My first emotion was to feel sad for Theo, but then I realized: Theo doesn't want to be the alpha dog. I empathize strongly with that, because I'm not alpha either. I know I'm not alpha because I went to one of those PR meet n' greet thingies this afternoon with some of the WNC tourism movers and shakers. I used to dread these thingies and not take them seriously but nowadays I have decided that my ass depends on networking like a motherfucker. So I am networking, which isn't really too hard, because at this point I've actually known most of these people for years (and by know I mean seen at a bunch of cardboard chicken luncheons and smiled and exchanged business cards with) and they're all really pretty nice and so what the hell? I'm going to get a new boss sometime soon and if s/he isn't to my liking, I'll be back out there with the resumes. This is how I know I'm not an alpha: I am not applying to be my own boss, and several people I saw this afternoon who hadn't seen me since my year's hiatus from the tourism scene said, on hearing about my place of employment, "Oh, did you take the director's job?"

No. No, I didn't, and I don't want it, and frankly I don't want to be in charge of anything at all, really. If I was in charge at a real job I couldn't fiddle around with photoshop or do elaborate Excel to Word mail merge letters, which, take it from me, is the absolute best thing to do when you're hopelessly hungover at the office, which might have happened to you the day after Halloween. I know that this state often happens to people the day after Halloween, because some people are incapable of staying quietly home on Halloween and instead must go off to the bars to see the costumed masses and in the process drink entirely too much beer and stay up until quarter to two in the morning, which is a really bad idea on a Tuesday night.

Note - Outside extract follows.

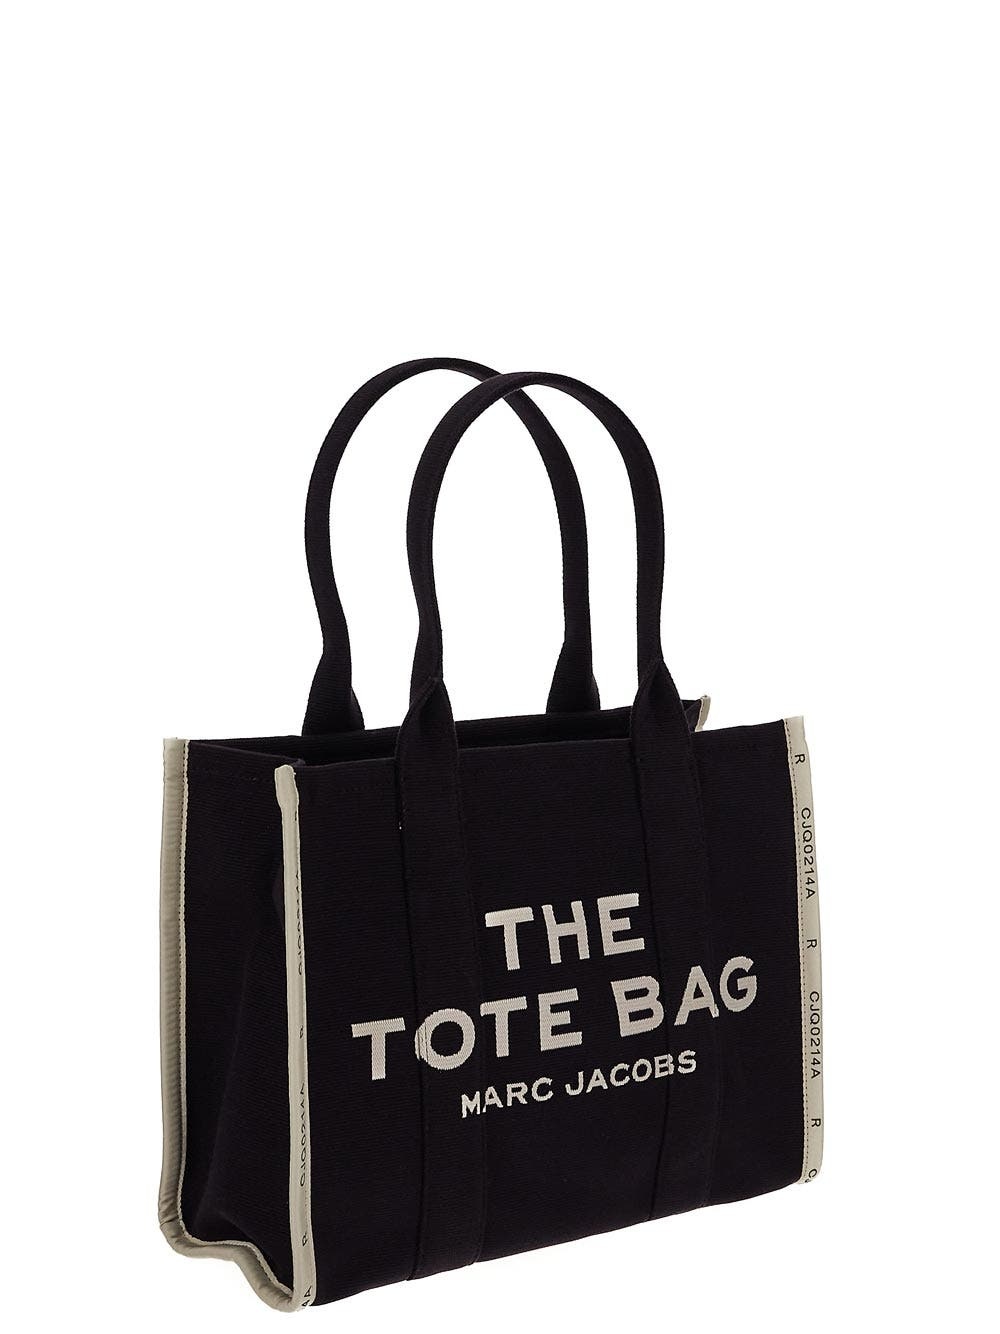 The Tote Bag - 2
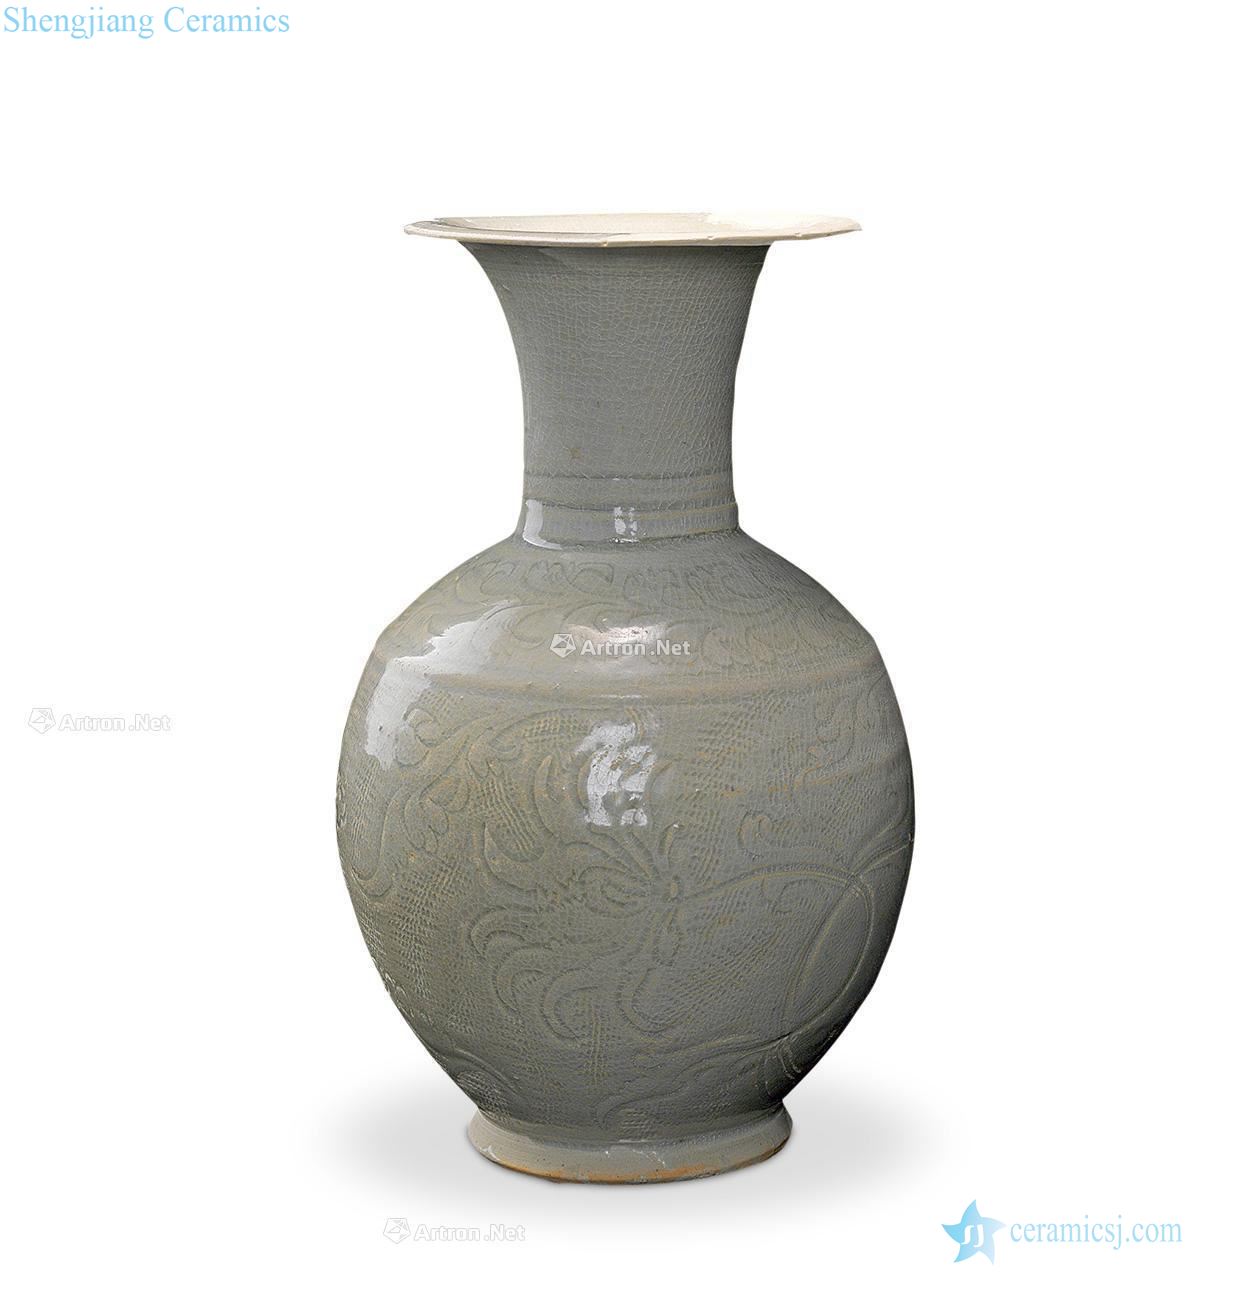 Ming vase or earlier shadow blue

That is why some people are not out at Drinking Liberally but instead are quietly at home on this Thursday night, like the actual dedicated and good employees and homebodies and mothers and carer for alpha Springer Spaniel puppies that they, in fact, are, despite their occasional resemblance to wild drunken revelers. But you see, if you are an alpha dog, you can't ever shed those responsible moments and act like a wild drunken reveler but instead must be sober and responsible at all times: among other, more pressing reasons, you'll be the first one called when the alarm goes off for no apparent reason at 2 in the morning, and if you'd been revelling, that could get ugly. So fuck being alpha. I can take being second at the food bowl if it also means that I get to be second or third when the shit hits the fan.